What is needed: Without the pictures, give the listing below again exactly.

The data:
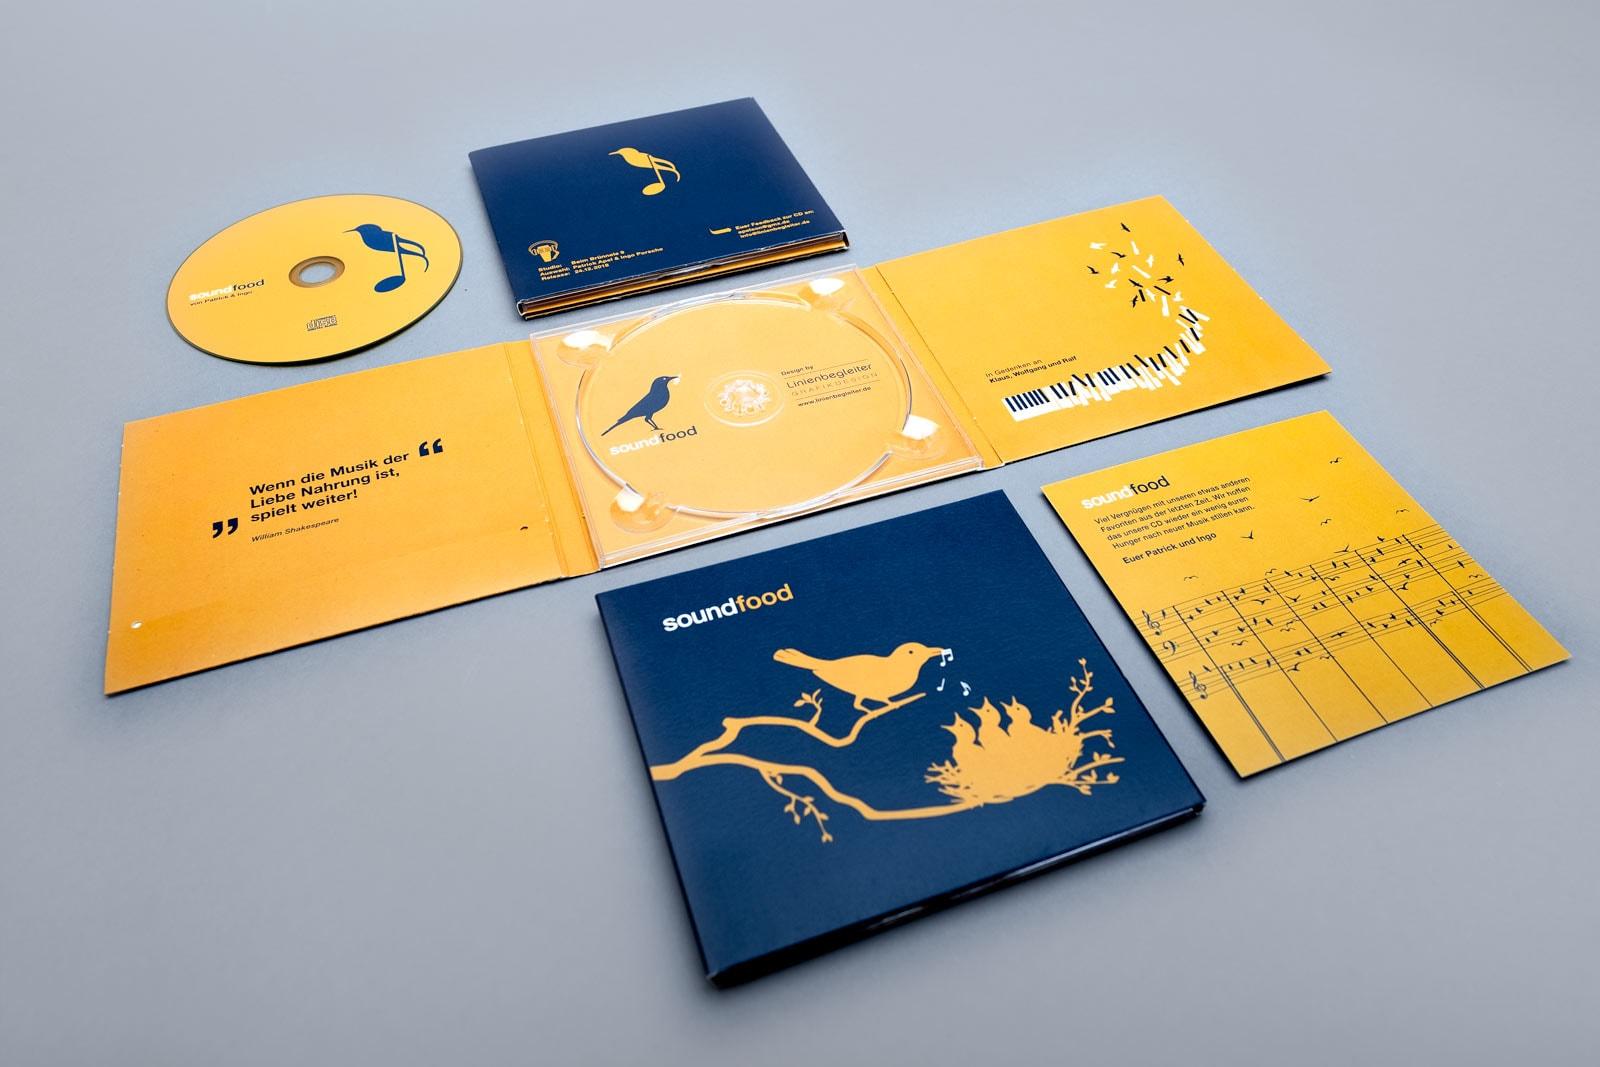 soundfood, Musik Compilation, CD Cover, Digi-Pack, Cover Artwork, Illustrationen, Booklet, CD-Label, Arrangement
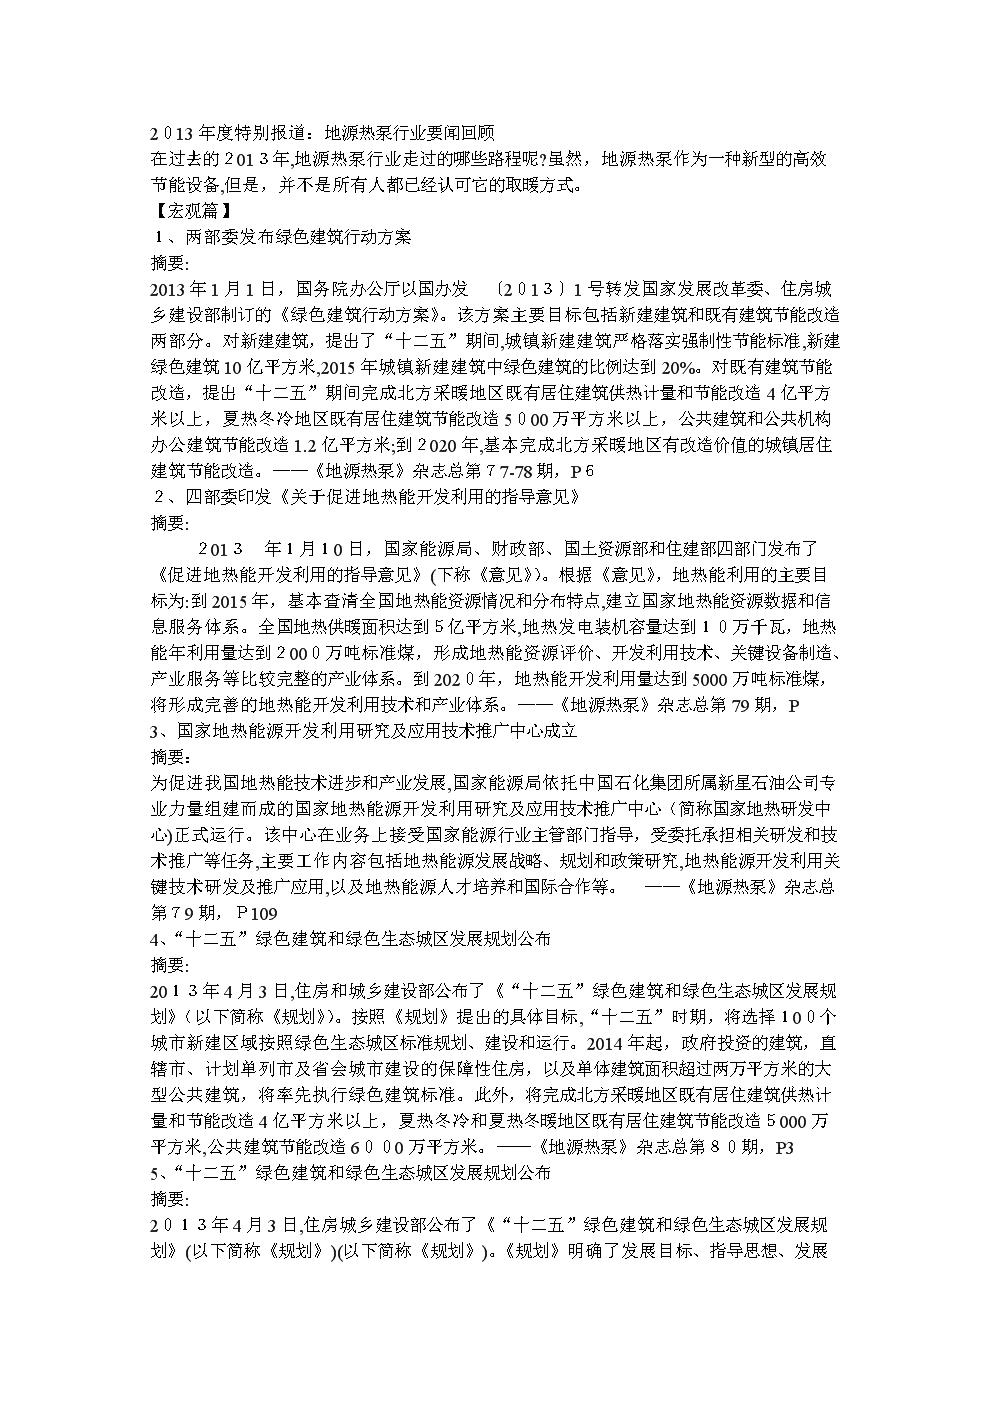 2013年度特别报道:地源热泵行业要闻回顾.doc
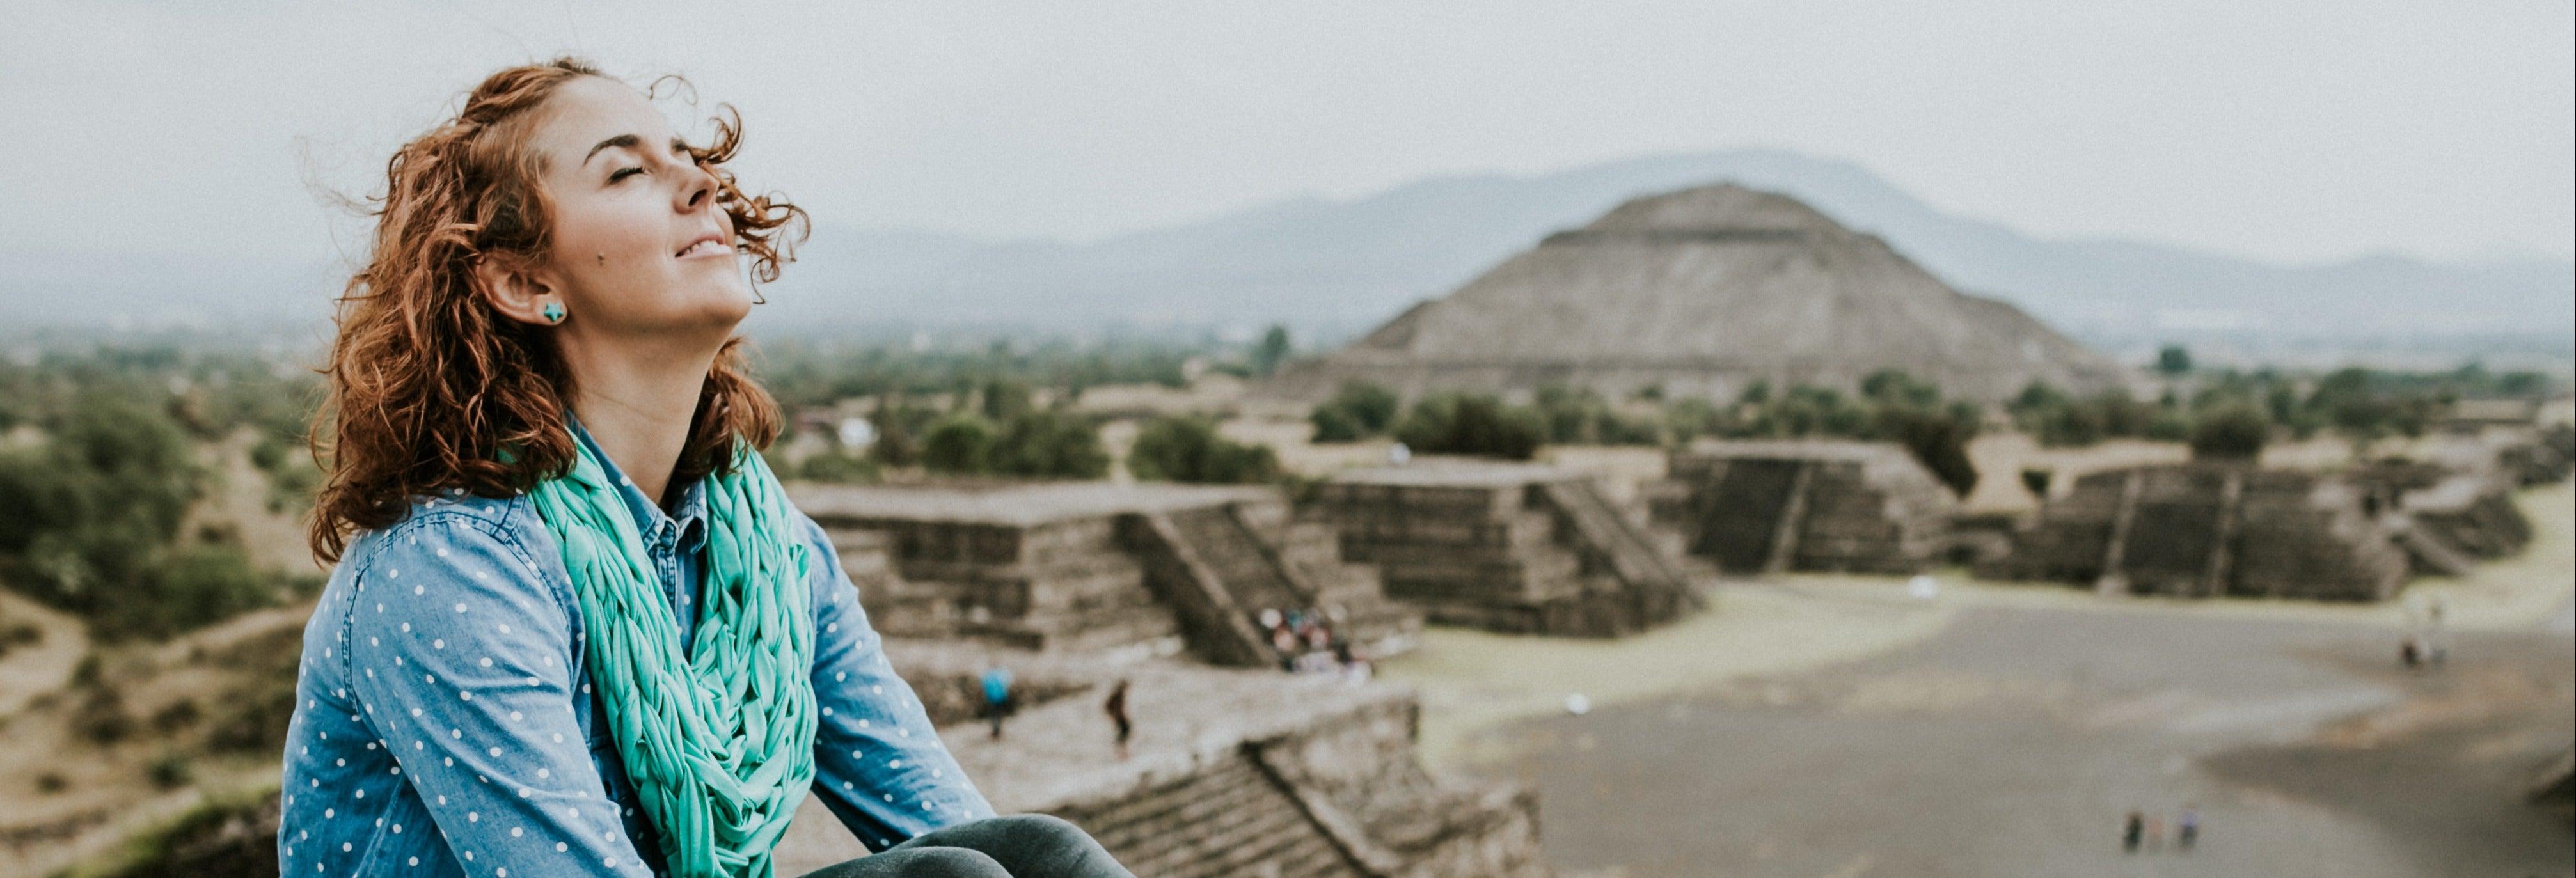 Escursione a Teotihuacan al tramonto

Exercise solution:
 soundfood, Musik Compilation, CD Cover, Digi-Pack, Cover Artwork, Illustrationen, Booklet, CD-Label, Arrangement
 2013年度特别报道:地源热泵行业要闻回顾.doc
 Escursione a Teotihuacan al tramonto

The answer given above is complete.